There’s also a gap when it comes to cross-functional thinking. In real-world campaign planning, design, product, content, and growth teams have different priorities. Good creatives often sit at the intersection, translating across functions. AI doesn’t serve that role well yet, because it struggles to factor in human alignment, feedback nuance, or internal politics. It doesn’t ask follow-ups. It doesn’t challenge assumptions. It just gives you a well worded guess.
So while it’s becoming useful for speed and structure, it still relies on human direction to understand relevance. Especially when the work needs to move someone or say something with intention. That’s where the real value is, and where the gap still is too.
What AI trends do you believe will most disrupt your industry in the next 2–3 years, and how are you preparing for them now?
One trend that’s already unfolding is the rise of adaptive content ecosystems where content (copy, format, even visuals) auto-adjust based on live audience behavior. This goes beyond simple personalization like marketing touchpoints that evolve in real time across channels, powered by AI feedback loops.
That’s going to redefine how teams think about campaigns. Instead of planning for static launch moments, we’ll be designing dynamic narratives, ones that shift based on who's interacting, where they are in the funnel, and what they respond to most. I believe this isn’t far off, especially in B2B tech, SaaS, and performance-heavy DTC.

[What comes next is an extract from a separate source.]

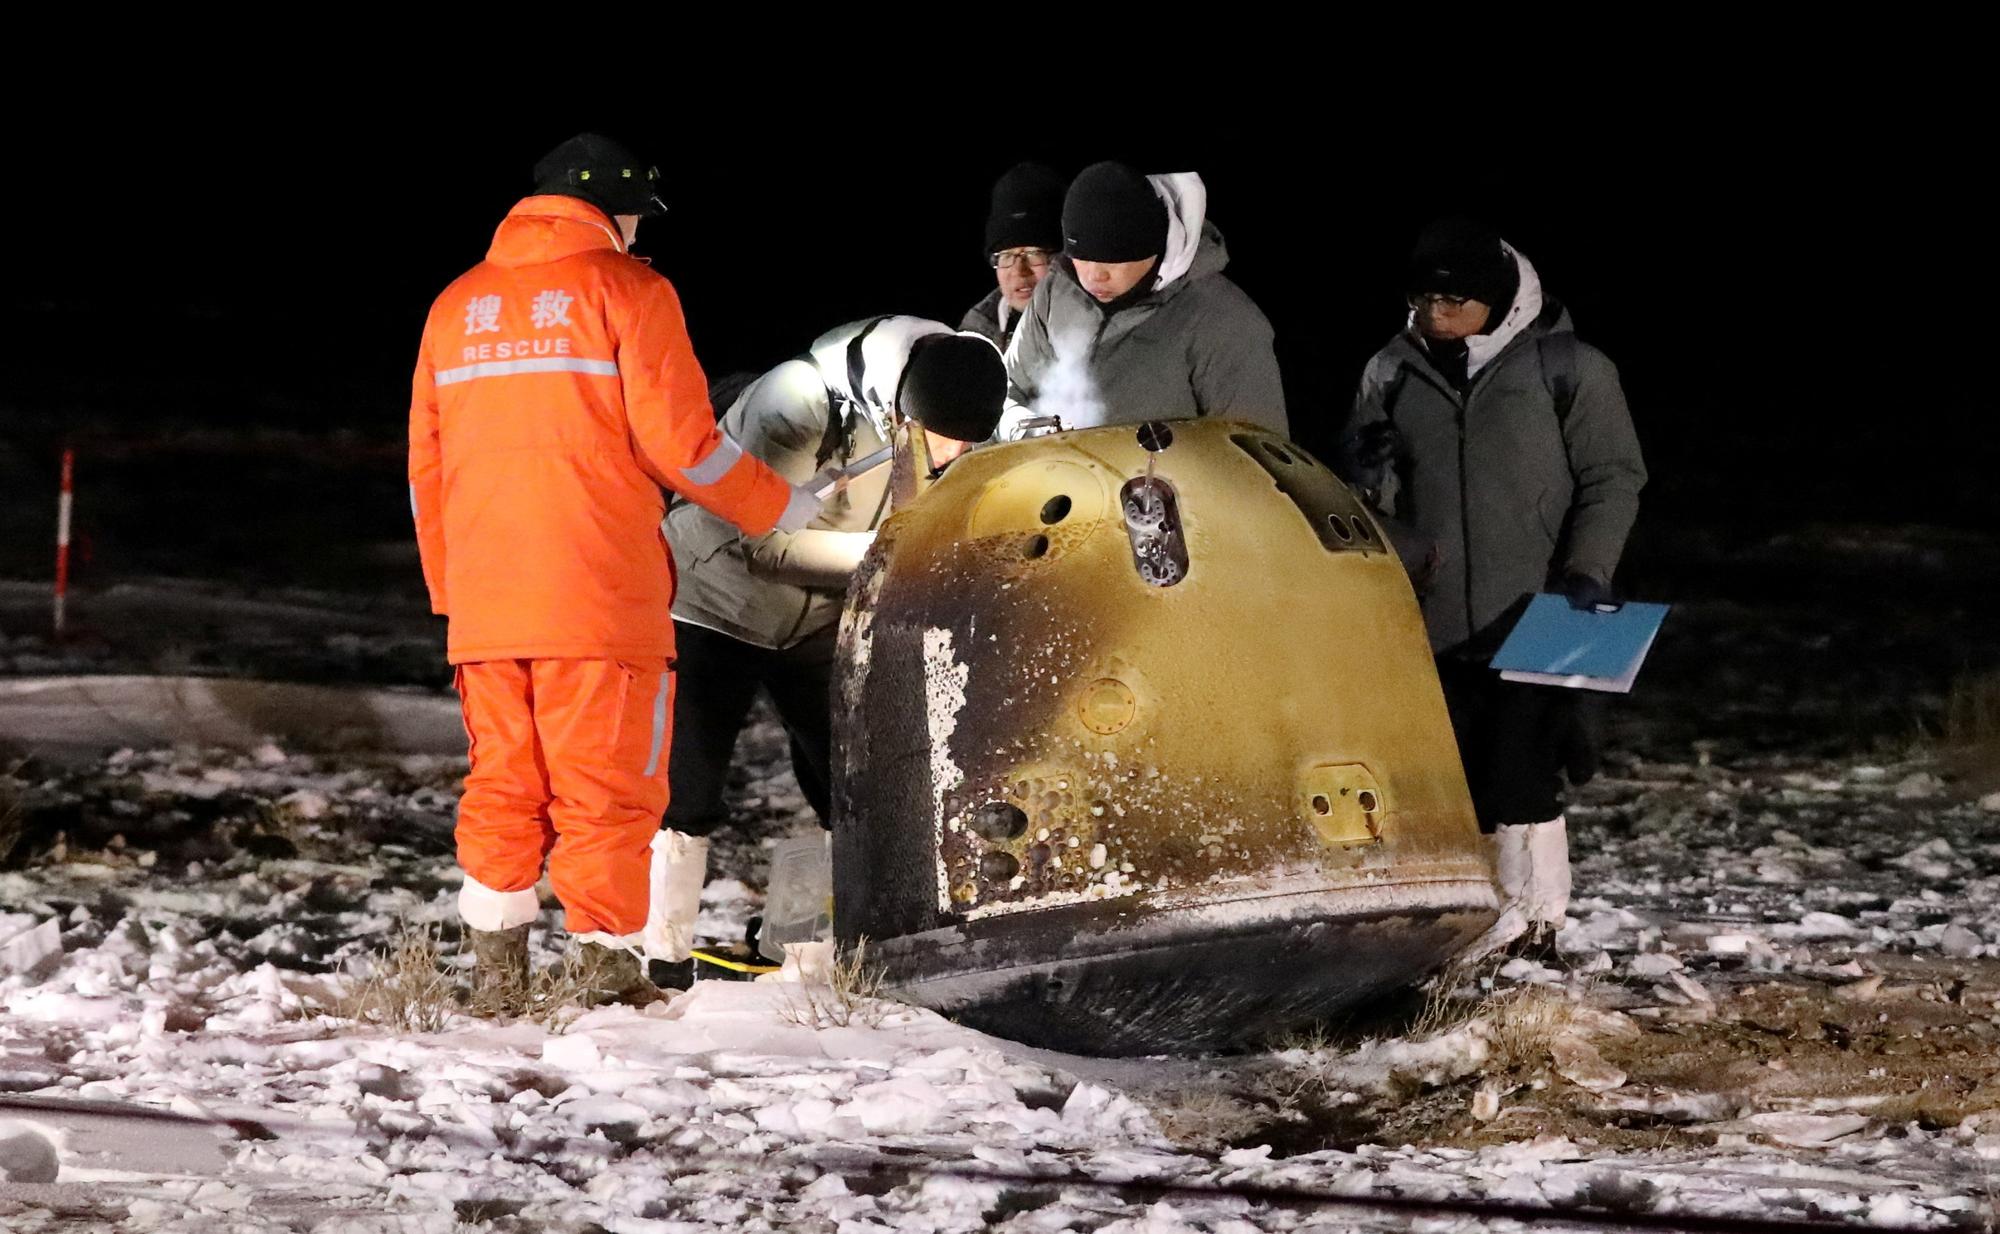 La capsule de retour lunaire Chang'e-5 transportant des échantillons prélevés sur la Lune, après son atterrissage dans la région autonome de Mongolie intérieure, dans le nord de la Chine, le 17 décembre 2020. [Reuters - China Daily]

We're also seeing AI take a bigger role on the social media side, especially with tools that generate user-like avatars, community responses, even persona-led faces of brands. These hyper-synthetic influencer layers may sound extreme now, but with people already interacting with AI-generated creators on platforms like TikTok or Twitter/X, it's more about when, not if this becomes part of everyday brand playbooks.
SEO is also shifting. Traditional keyword strategies are giving way to AEO, especially with more users turning to ChatGPT, or voice-assistant-style search to find quick, structured solutions. Instead of aiming for top of page clicks, content strategies will be about surfacing the best possible answer across platforms and formats.
To prepare, I’m focusing on:
Modular content strategy (breaking ideas into swappable parts to reuse across journeys)
Deepening understanding of structured data and programmatic SEO tactics
Exploring AI collaboration tools that improve workflows rather than automate decisions
Learning how to design content with intent-first strategy, knowing it might show up in a chatbot result, snippet, or carousel
We’re starting to design for flexibility. And as AI transforms where and how content gets delivered, we will still need human input to feel like it’s worth engaging with. That’s the gap I want to help bridge.